Submitted Betty Hansen holds one of the seven-week-old kittens dropped off at her place recently in Keremeos. Hansen is known to take in lost and abandoned cats, helping curb the cat population. She ensures those that can go to a rescue society to be adopted out.

‘I can’t stand by and let cats starve to death’

A GoFundMe campaign is underway for the woman who cares for Keremeos’ stray cats

  • Dec. 22, 2017 5:30 p.m.

For more than a decade Betty Hansen has taken care of the abandoned or forgotten cat population in Keremeos. And now residents are stepping forward to give her a little help.

Rona Brewin, a friend who shares Hansen’s love for felines has setup a Go Fund Me Campaign to raise money to offset some of the costs involved with caring for the cats and kittens.

“I met Betty two years ago at the Christmas craft fair at the LightUp celebrations. She was selling the slippers she makes to raise money to help pay for the cats. We got talking about the cause and we shared the same passion,” she said.

A recent drop off of two kittens in bins outside Hansen’s house pushed Brewin into doing something for her friend.

“She said to me in passing, ‘it’s going to be food or heat soon,’ and I thought oh my God. Here’s this woman taking care of people’s unwanted cats because she doesn’t want to see them suffer and she might have to choose between food or heat for herself. I knew we could do something as a community.”
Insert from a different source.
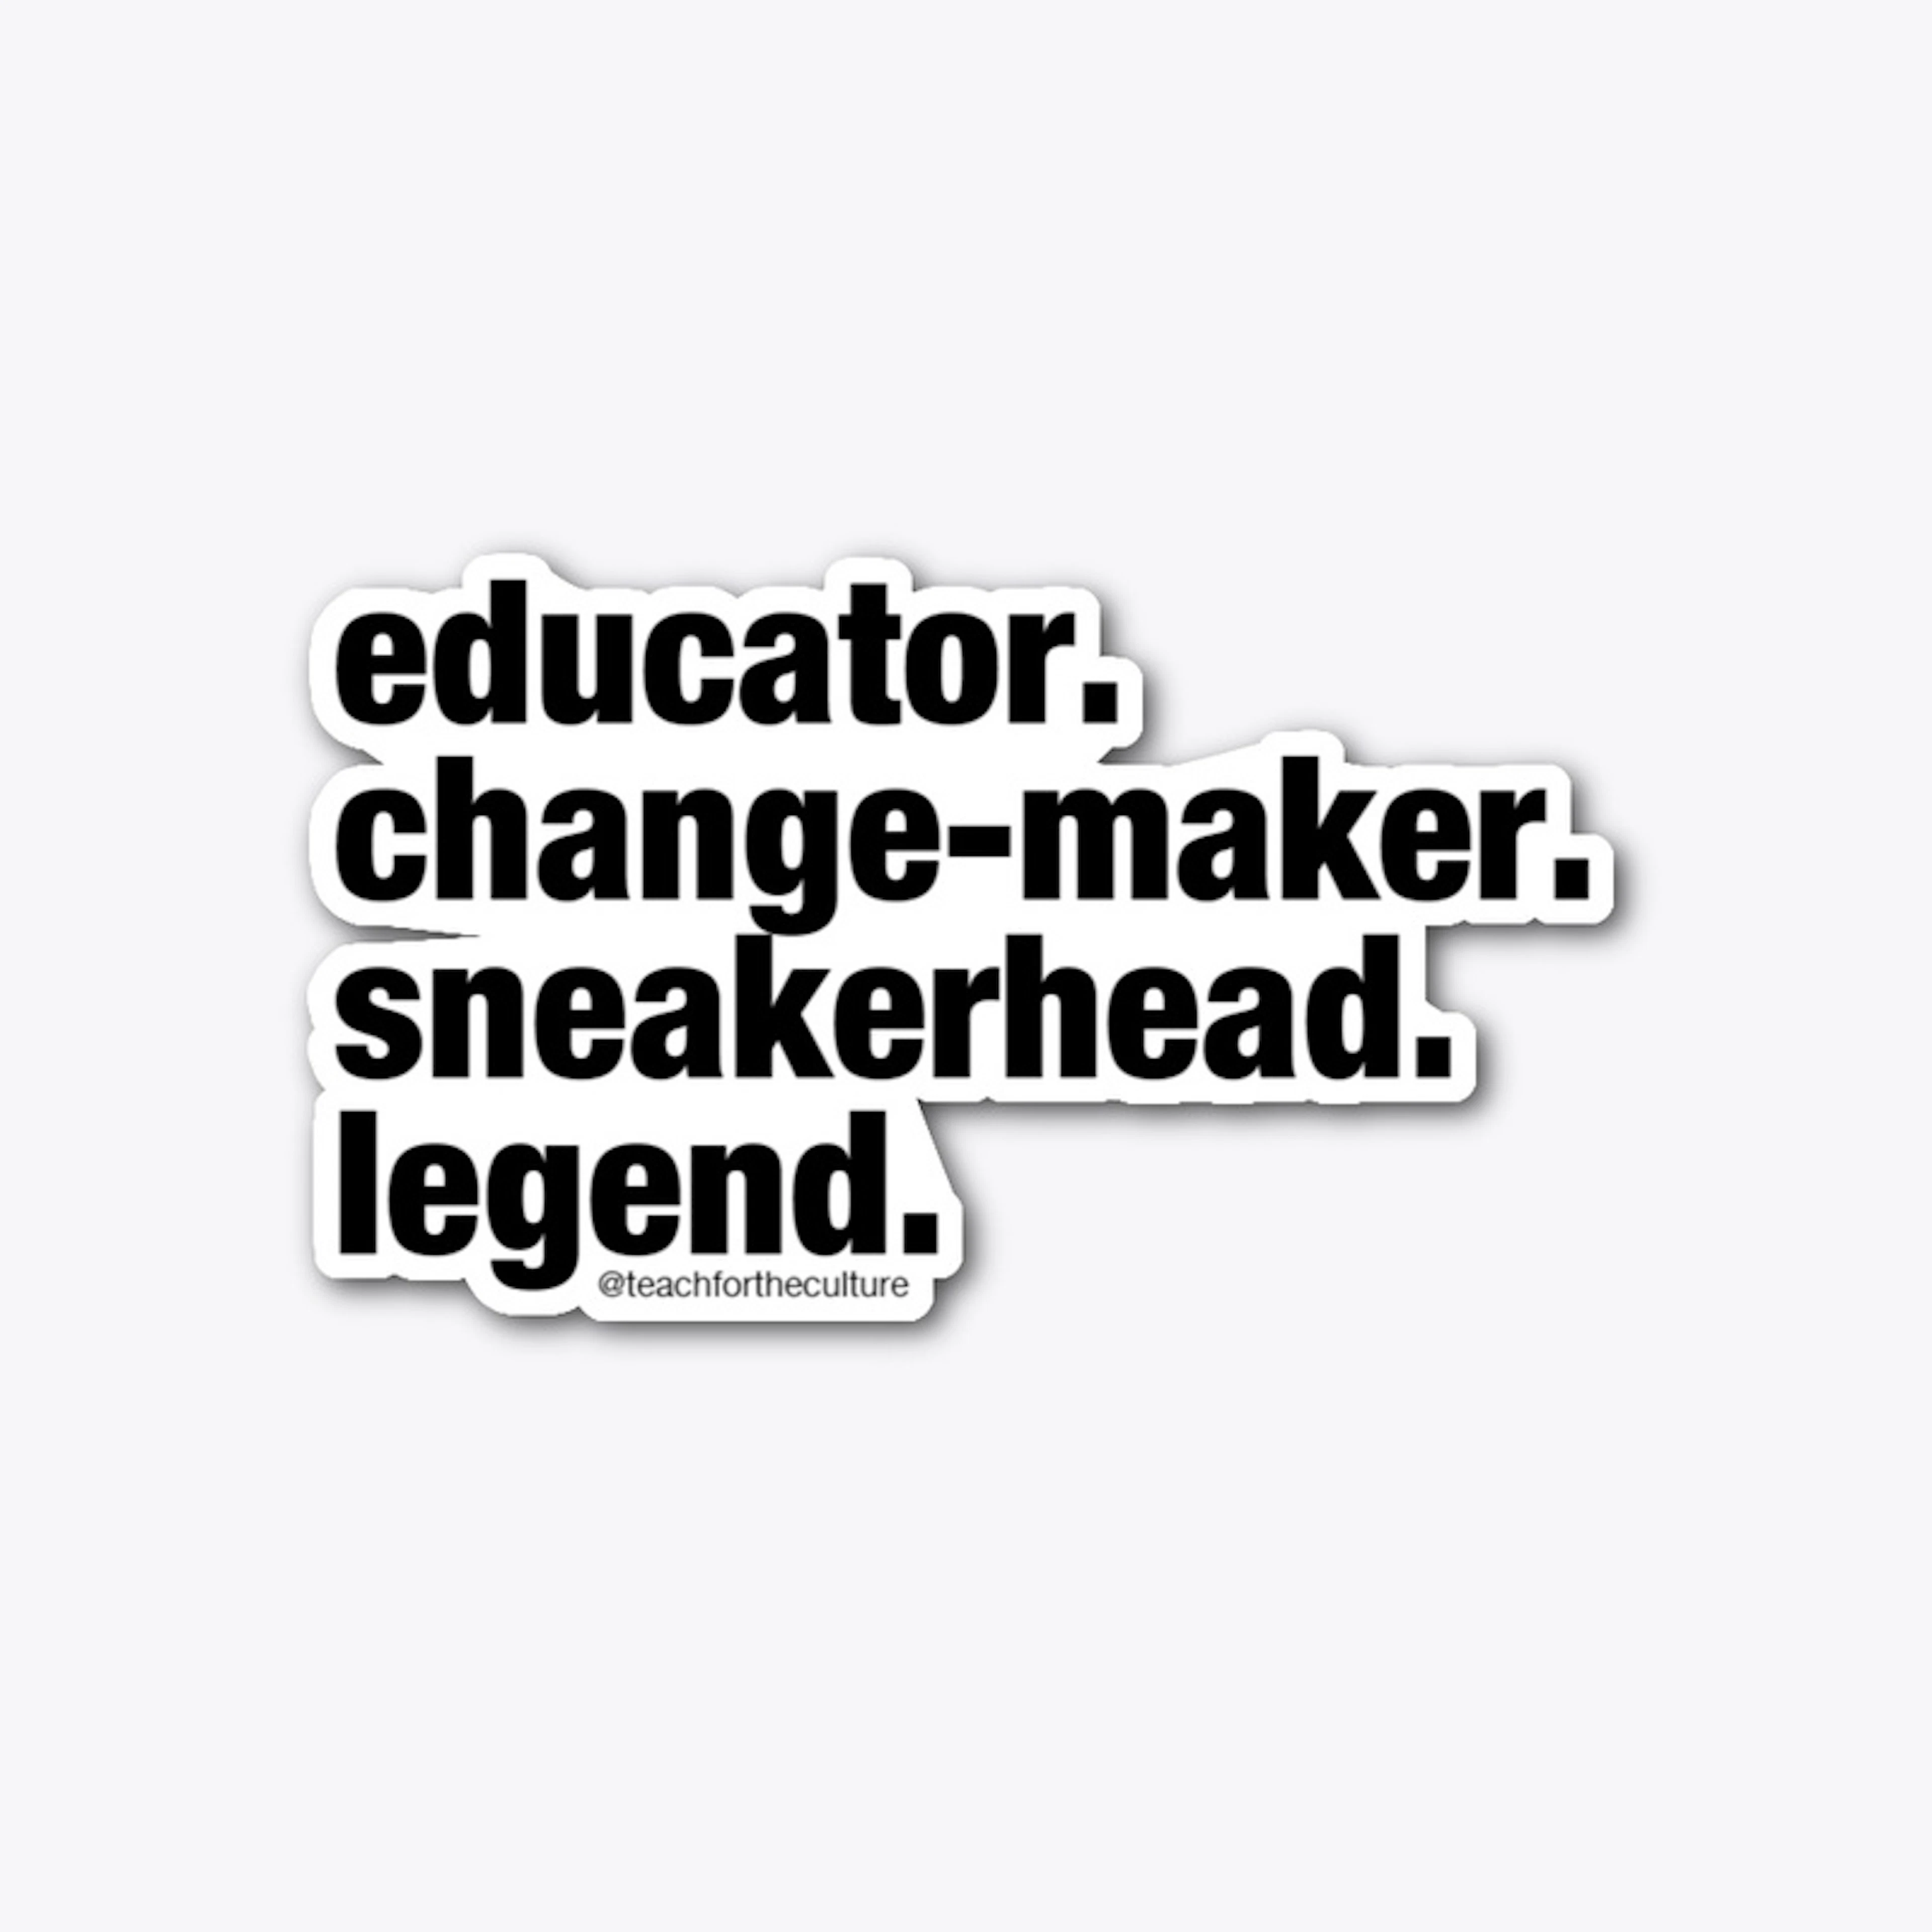 educator. change-maker. sneaker. legend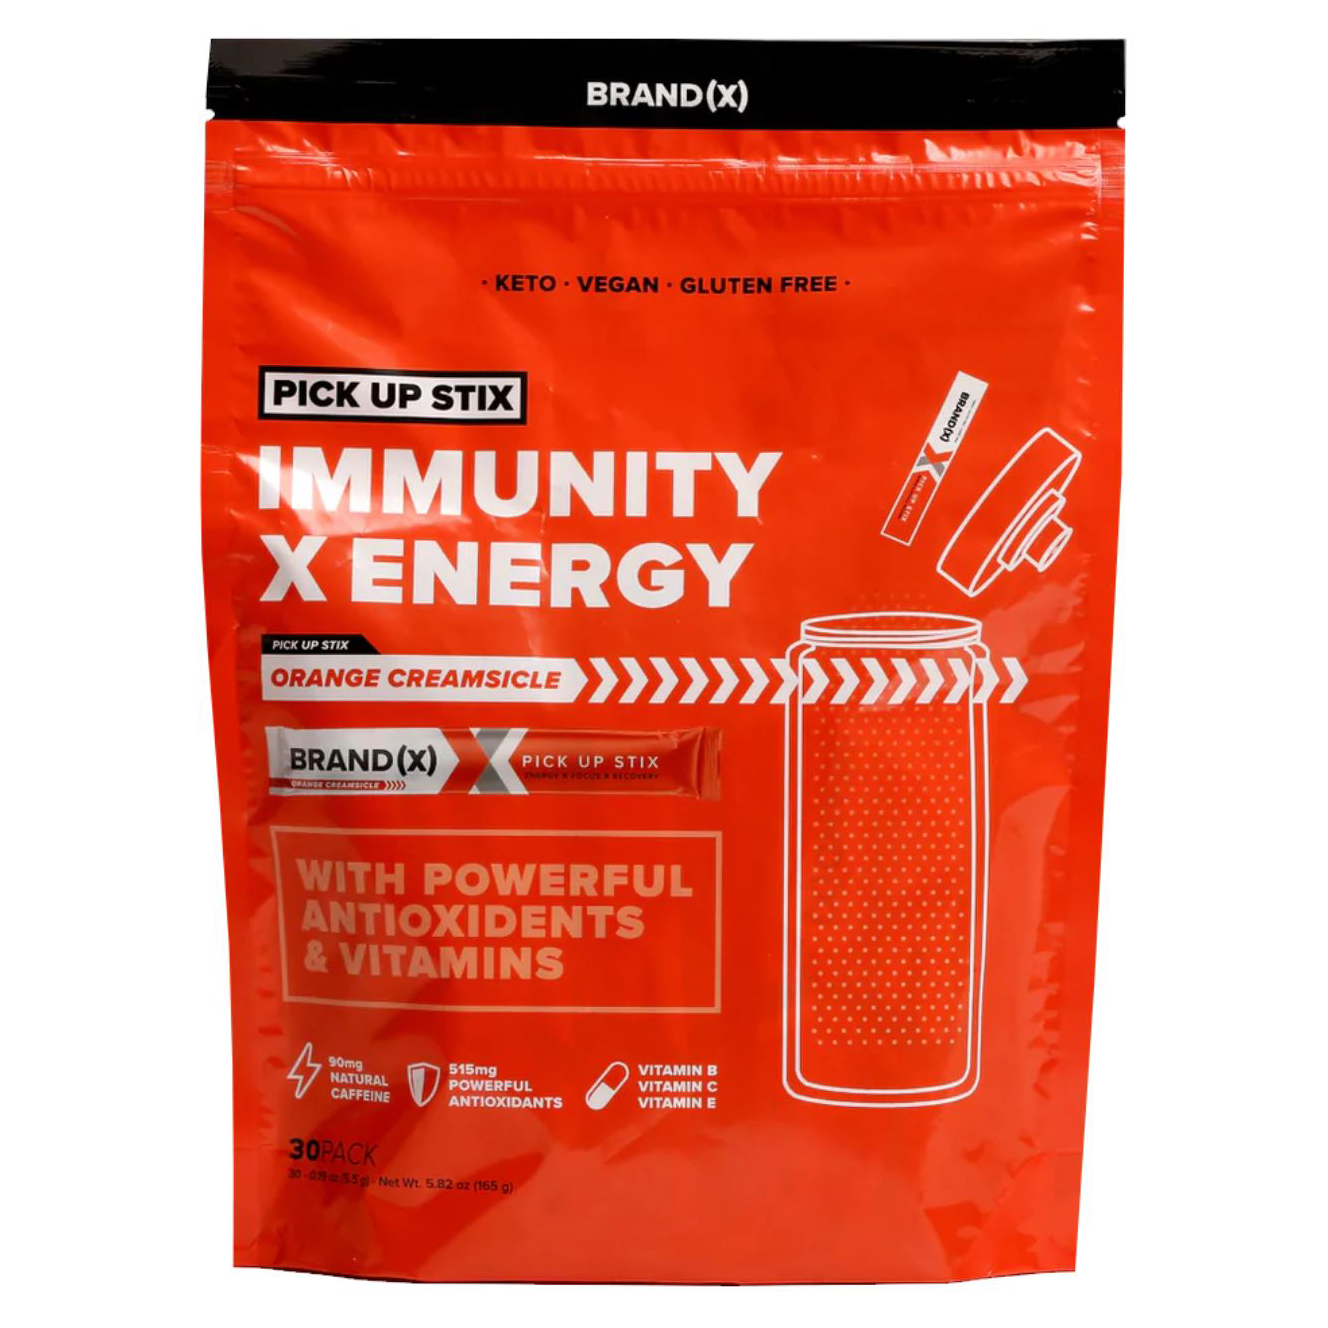 Brand(x) - Pick up stix immunity x energy bag

As of late Tuesday morning the fund had raised almost $500 of its $5,000 goal.

Betty Hansen told the Review she was in shock people were so kind to donate and that her friend took the time to setup the fund.

“I never asked her to do it, but I really appreciate it though. We really need a little boost. It’s a bad time of year. It gets really tight. I don’t want to use the charge card all the time,” she said.

Hansen lives off a small pension. To help buy cat food, litter and other supplies, she crochets slippers and sells them. She also collects cans.

Hansen said her work with the abandoned and feral cat population started over a decade ago when a group of about 35 cats started hanging around the old vet office.

“We had them all fixed. We gave them food and we gave them water but coyotes came and took them all, well except one. One girl survived. She’s still alive. I go and I feed her everyday still.”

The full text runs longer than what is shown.